If they apply to one, they should apply to all. As I read it, it applies to candidates for office in the defined campaign periods…. But everything the FCC chairman says is confusing due to his lack of broadcast experience.
 
If they apply to one, they should apply to all. As I read it, it applies to candidates for office in the defined campaign periods…. But everything the FCC chairman says is confusing due to his lack of broadcast experience.
Isn’t this already on the books with equal time?
 
Isn’t this already on the books with equal time?

Yes ... sort of. During political campaigns, stations cannot -- other than for news purposes -- have an announced candidate for office on their airwaves without offering an equal amount of time to any and all competing candidates on the ballot.

What Chairman Dumbass, with his aforementioned lack of broadcast experience and knowledge, wants is to apply the Equal Time Rule outside of campaigns and force rebuttals to anything a current office holder disagrees with (*cough cough* provided they are Republicans *cough cough*). Where this will run afoul of the rule as written is that, outside of a campaign, there are no candidates per se so any such comments could not be made by an official "competing candidate".

I expect a challenge just on that basis.
 
Yes ... sort of. During political campaigns, stations cannot -- other than for news purposes -- have an announced candidate for office on their airwaves without offering an equal amount of time to any and all competing candidates on the ballot.
Interestingly, according to our FCC Counsel, this is not exactly the rule. The station has no obligation to proactively "offer" equal time to any and all competing candidates. According to FCC Section 315, the candidate or campaign must formally request equal time within seven days of the appearance of the competing candidate, and the station must decide whether the equal time rule applies. Section 315 also says stations should promptly put the appearance in their public file, but that's if they plausibly believe this was not a bona fide news appearance.
 
According to FCC Section 315, the candidate or campaign must formally request equal time within seven days of the appearance

Correct. In fact that's what the president did after Harris appeared on SNL. NBC made a deal with his campaign.

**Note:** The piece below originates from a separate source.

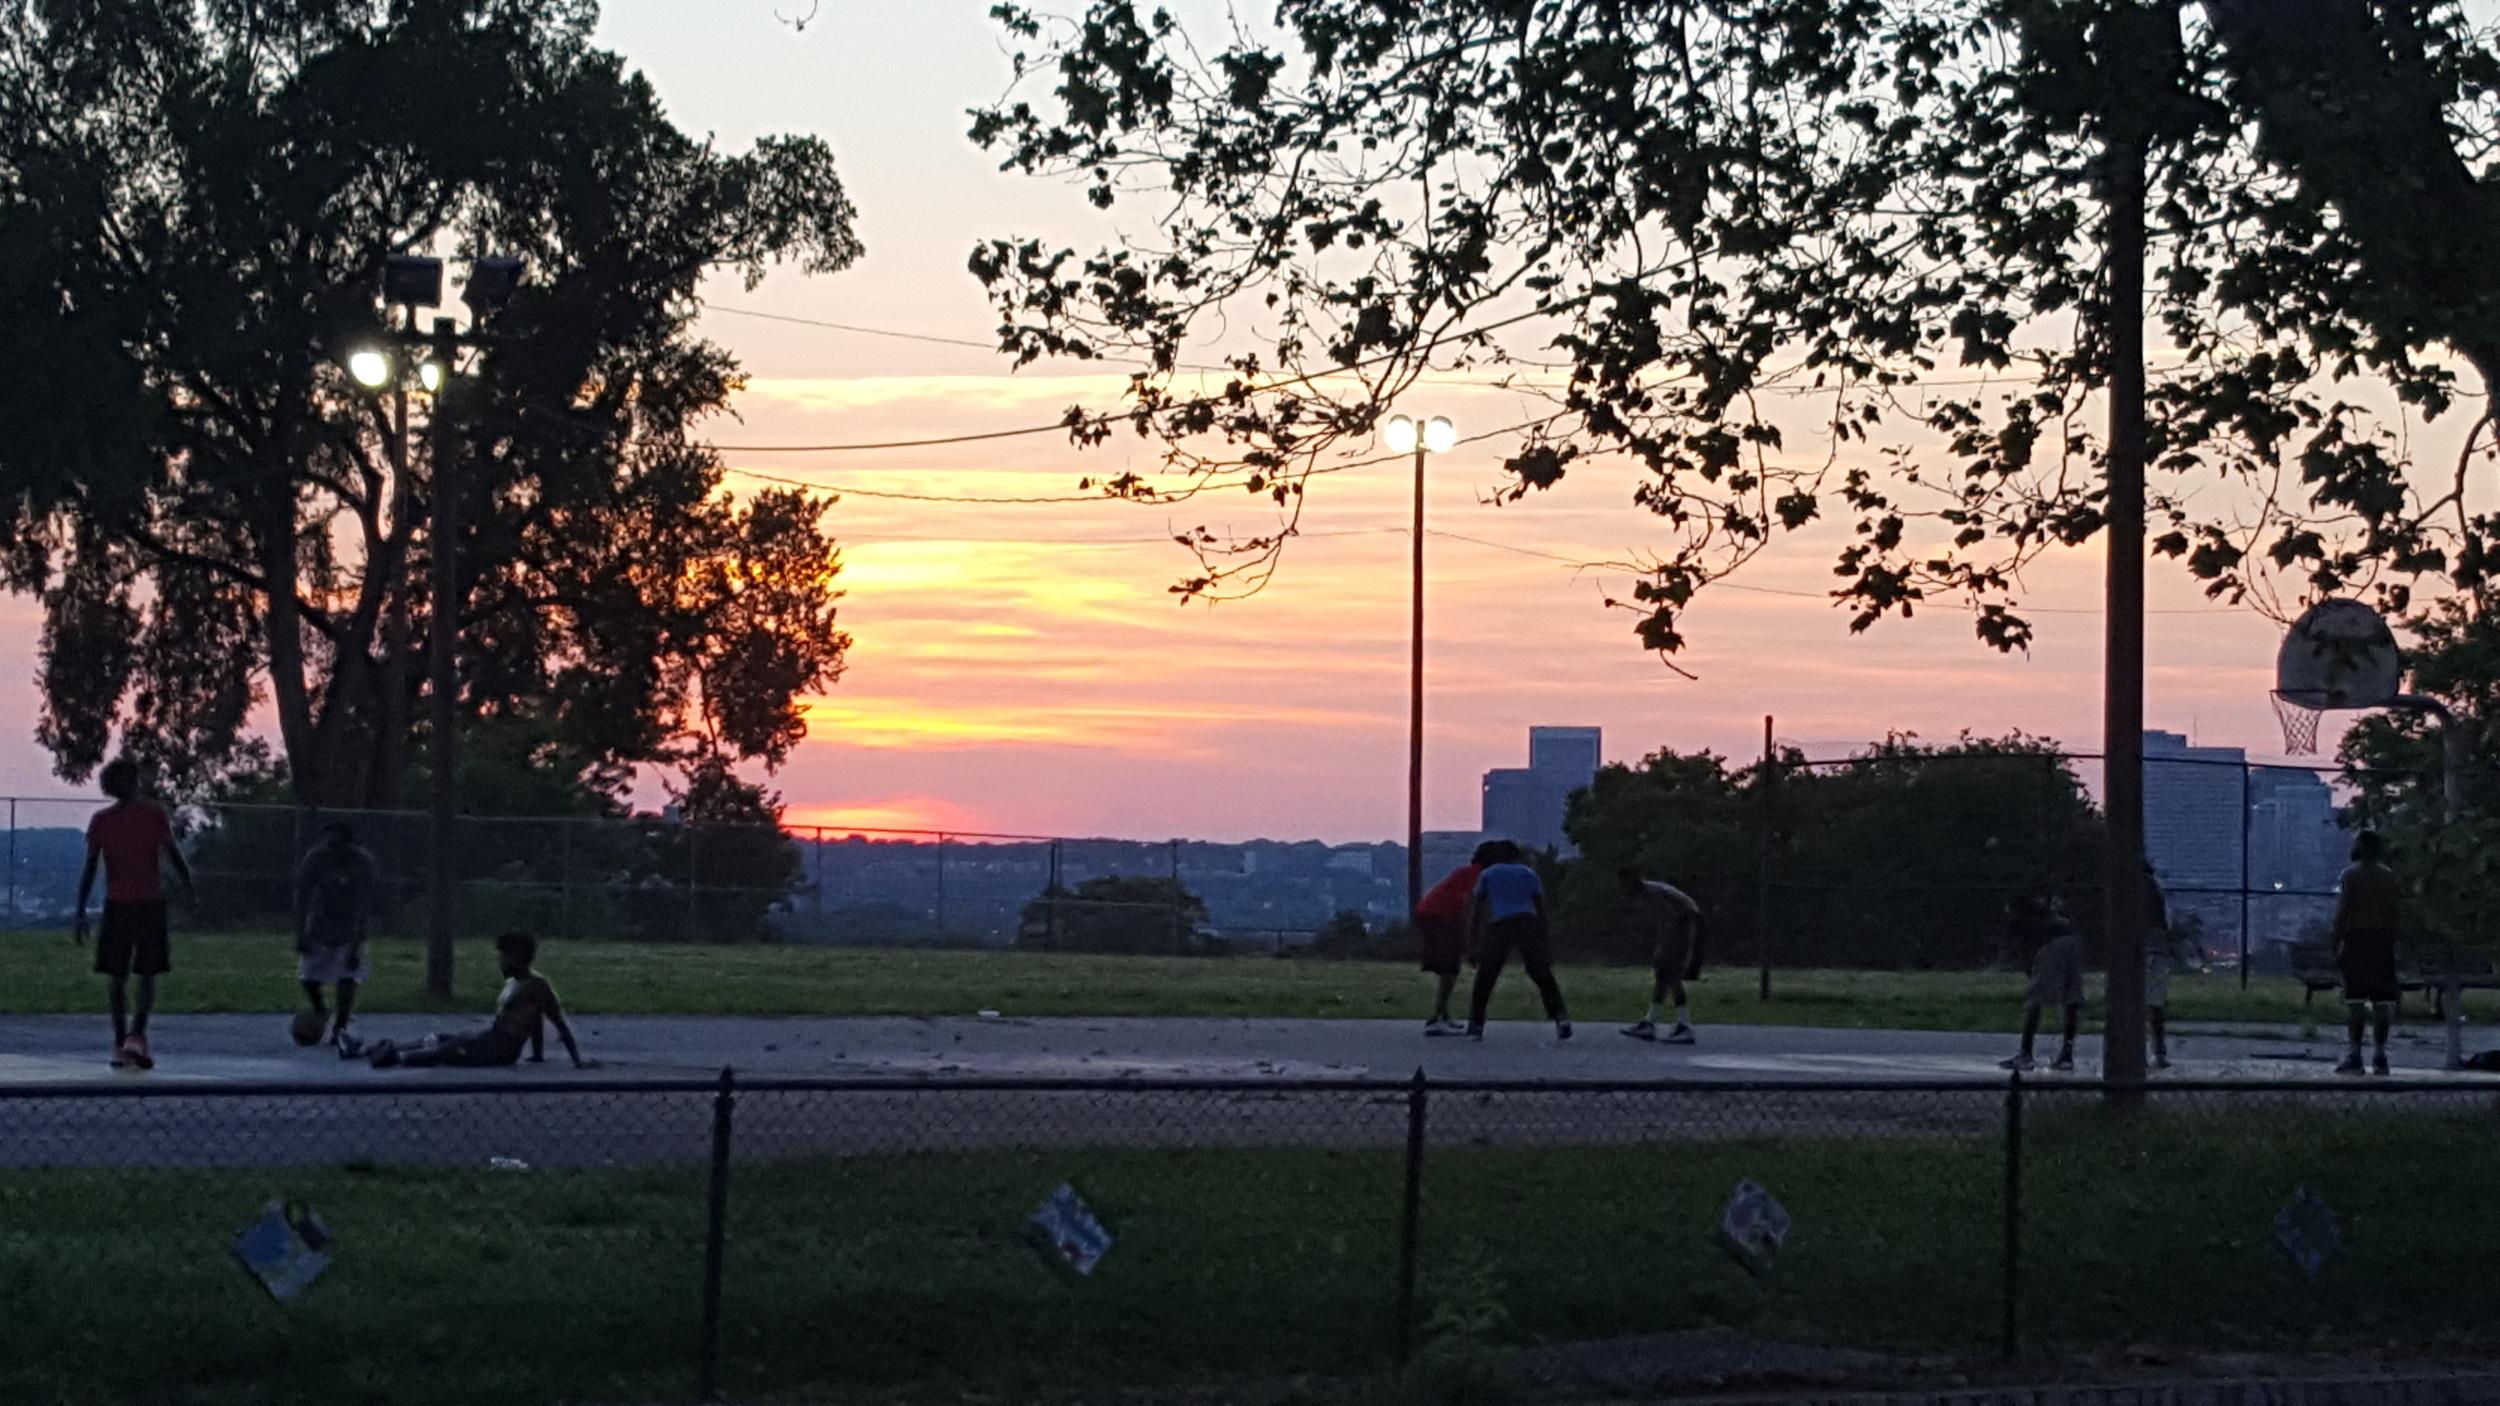 Teens enjoy basketball and an amazing Fulton summer sunset (Photo: M. Zimmerman)
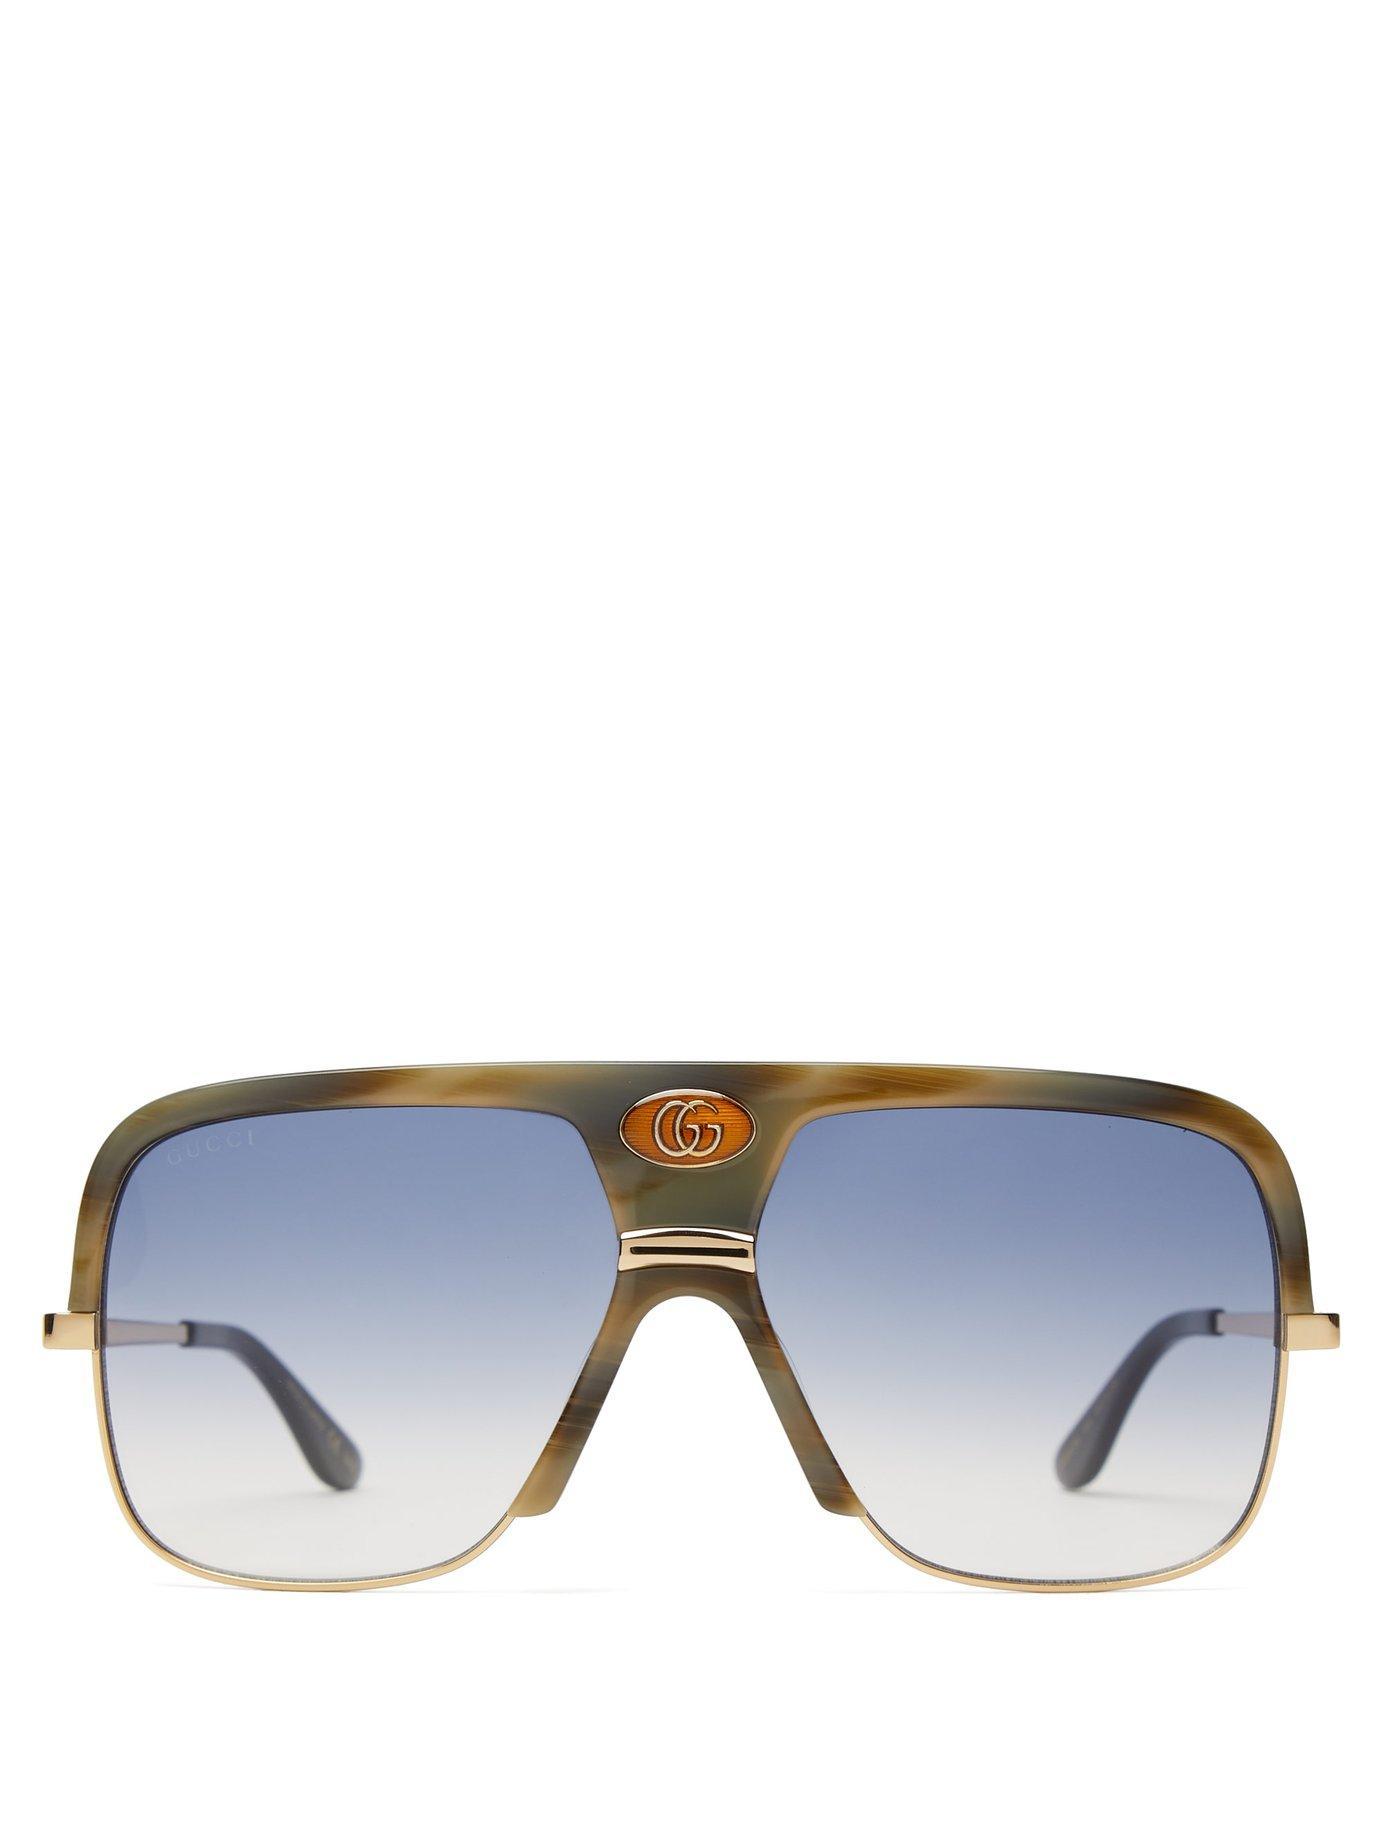 fa932373abf Lyst - Gucci Navigator Acetate And Metal Sunglasses in Green for Men

It was "equal time," not the same time or treatment.

We'll see how this FCC interprets its role in this process. They seem to feel they can determine who does what.
 
Interestingly, according to our FCC Counsel, this is not exactly the rule. The station has no obligation to proactively "offer" equal time to any and all competing candidates. According to FCC Section 315, the candidate or campaign must formally request equal time within seven days of the appearance of the competing candidate, and the station must decide whether the equal time rule applies. Section 315 also says stations should promptly put the appearance in their public file, but that's if they plausibly believe this was not a bona fide news appearance.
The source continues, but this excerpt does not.